Cándida Vásquez es la menor de seis hijos en una familia clásica, de esas que hoy no abundan. El padre en el trabajo y la madre en la casa al cuidado de los niños.  

La medallista de oro de los Juegos Panamericanos en la categoría de los 48 kilogramos sorprendió a sus padres a los 16 años cuando decidió aprender un deporte y su elección fue el levantamiento de pesas. 

El padre, Eligio Vásquez, estaba ocupado en el mercado pues trabajaba de sol a sol para sacar a su familia a camino con un triciclo en el que cargaba víveres y verduras. Así que las decisiones de la casa recaían en la madre, Aida Hernández.

“Yo estaba negativa al principio. No me gusta que mis hijos estén en la calle”, fue la primera reacción de Aida. “La doña es la que sabe de la casa, yo solo voy al mercado”, se zapateó Eligio, siempre apegado al papel de proveedor del hogar. 

Lo de Cándida y la halterofilia fue amor a primera vista. La fortaleza en las piernas fue la clave para que la adolescente llamara la atención en el epicentro del levantamiento  de pesas en el país: el complejo deportivo de esta provincia, el mismo que dio a luz a las leyendas Wanda Rijo y Yudelquis Contreras y donde se han desarrollado figuras como Guillermina Candelario, María Carvajal y Beatriz Pirón, entre muchas otras. 

“Llegué el primer día y el entrenador Miguel Aponte me puso a hacer sentadillas. Hice 37 corridas y se sorprendieron”. Era el 13 de junio del 2009 y al año siguiente ya estaba viajando con la selección nacional. “En el 2011 me engancharon a la Policía Nacional para los Juegos Militares. Todo sucedió con rapidez”, exclamó.  

Doña Aida se tranquilizó pronto. “El entrenador, Miguel, vino a la casa en los días que ella comenzó a entrenar y me dijo que ella tenía futuro y que ellos la iban a cuidar. Ahí comencé a aceptar que ella saliera a los entrenamientos que eran de noche”, recordó. 
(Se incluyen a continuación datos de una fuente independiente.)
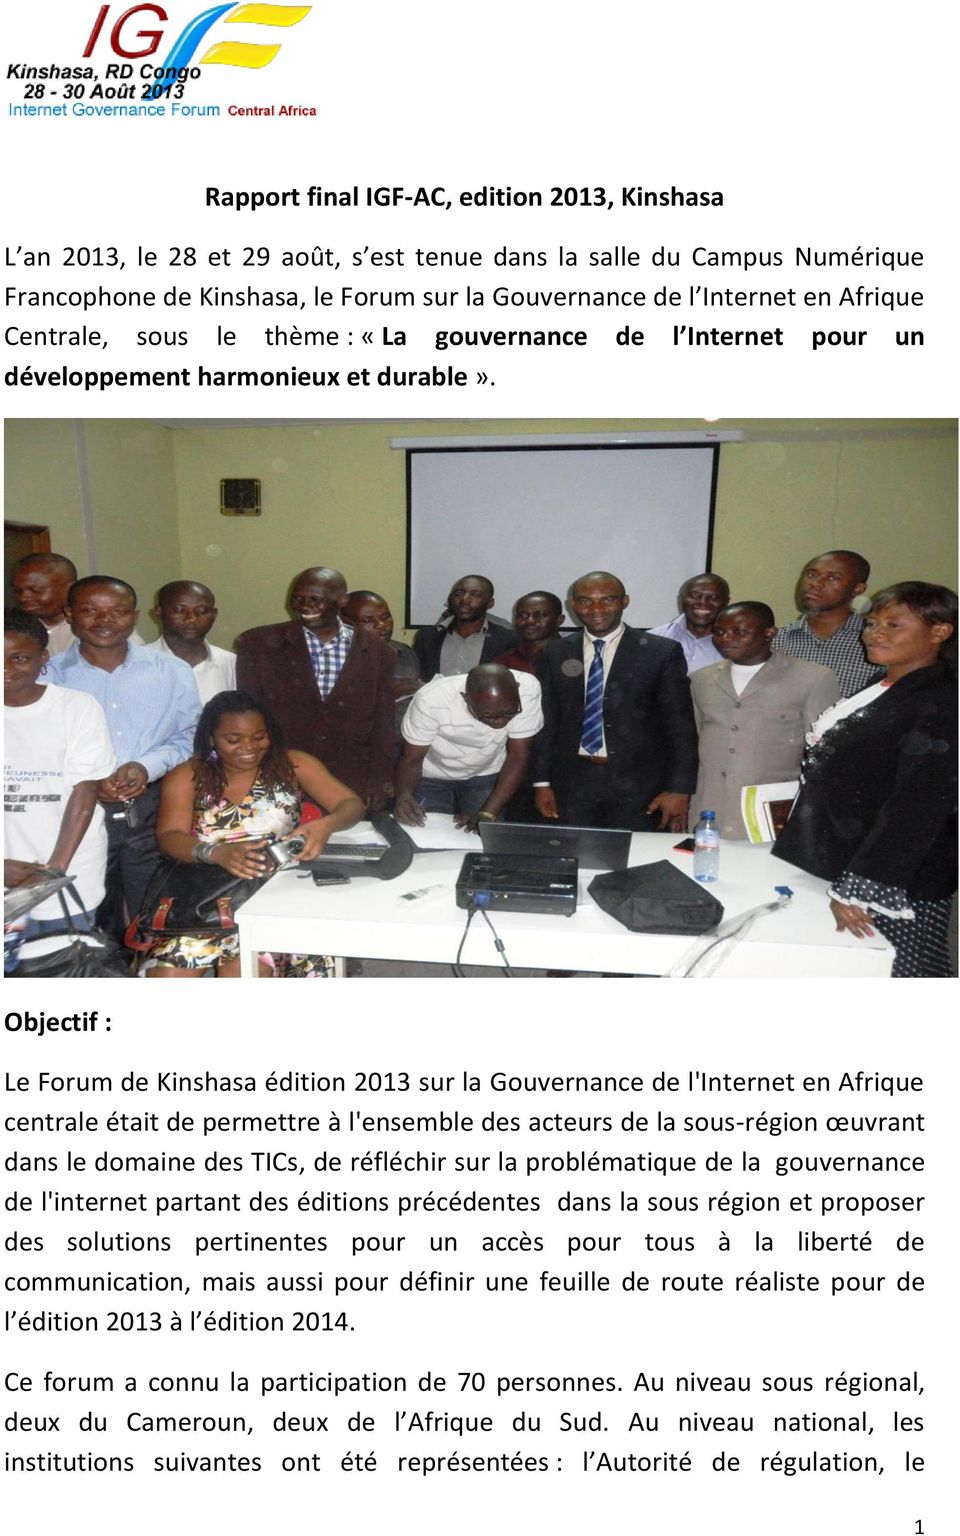 Objectif : Le Forum de Kinshasa édition 2013 sur la Gouvernance de l'internet en Afrique centrale était de permettre à l'ensemble des acteurs de la sous-région œuvrant dans le domaine des TICs, de

La distancia del complejo a su casa y la hora de los entrenamientos no amilanaron a Cándida, quien también ganó un oro en la modalidad de arranque de los Juegos Centroamericanos y del Caribe Veracruz 2014. “El complejo queda a más de dos kilómetros de mi casa materna y muchas veces tenía que regresar caminando por las noches”, relató. 
 
Río es la meta 
 
Cándida trabaja con el Campeonato Mundial en la mira. La cita es en Houston entre el 21 y el 29 de noviembre venidero. “Lo más próximo es el Mundial y luego los Juegos Olímpicos. Espero estar en ambos eventos, pero tengo que trabajar duro para estar en los Juegos Olímpicos que es el escenario en el que todos los atletas anhelamos  brillar”, expuso la monarca continental.
Cándida tiene 22 años y la competencia comienza internamente, ya que comparte categoría con la medallista de bronce de Toronto 2015, Beatriz Pirón. “Como país estamos muy fuertes, pero yo no compito con mis compañeras ni arriba ni debajo de la plataforma. Mi competencia es mi marca. Mis retos son las barras y los discos”, concluyó. 
 
Amor pesado  

 
En sus primeros entrenamientos, Cándida conoció a su esposo Vladimir, quien entonces era miembro de la preselección nacional, y como practicaban a la misma hora, pues el amor fluyó. “Me enamoró peleando. Siempre me cogía los hierros o hacía cosas para enfadarme”. Cada quien tiene su estilo. “Ya tenemos seis años juntos y nos complementamos muy bien”, agregó Vladimir. Mientras que  Cándida es la única atleta de su familia, su esposo tiene una herencia en esta disciplina ya que su padre, Angel Bernal, fue parte del equipo nacional.      
“Estoy fuera del levantamiento de pesas ahora, pero es algo que me sigue apasionando porque lo practiqué desde niño. Es el deporte que me llena y ahora lo vivo por vía de Cándida, y sus triunfos son míos”, manifestó Vladimir.

RÉCORD PANAMERICANO
181kilos
Impuso una marca para citas continentales por su total. Levantó 81 kilogramos en la modalidad de arranque y 100 en envión.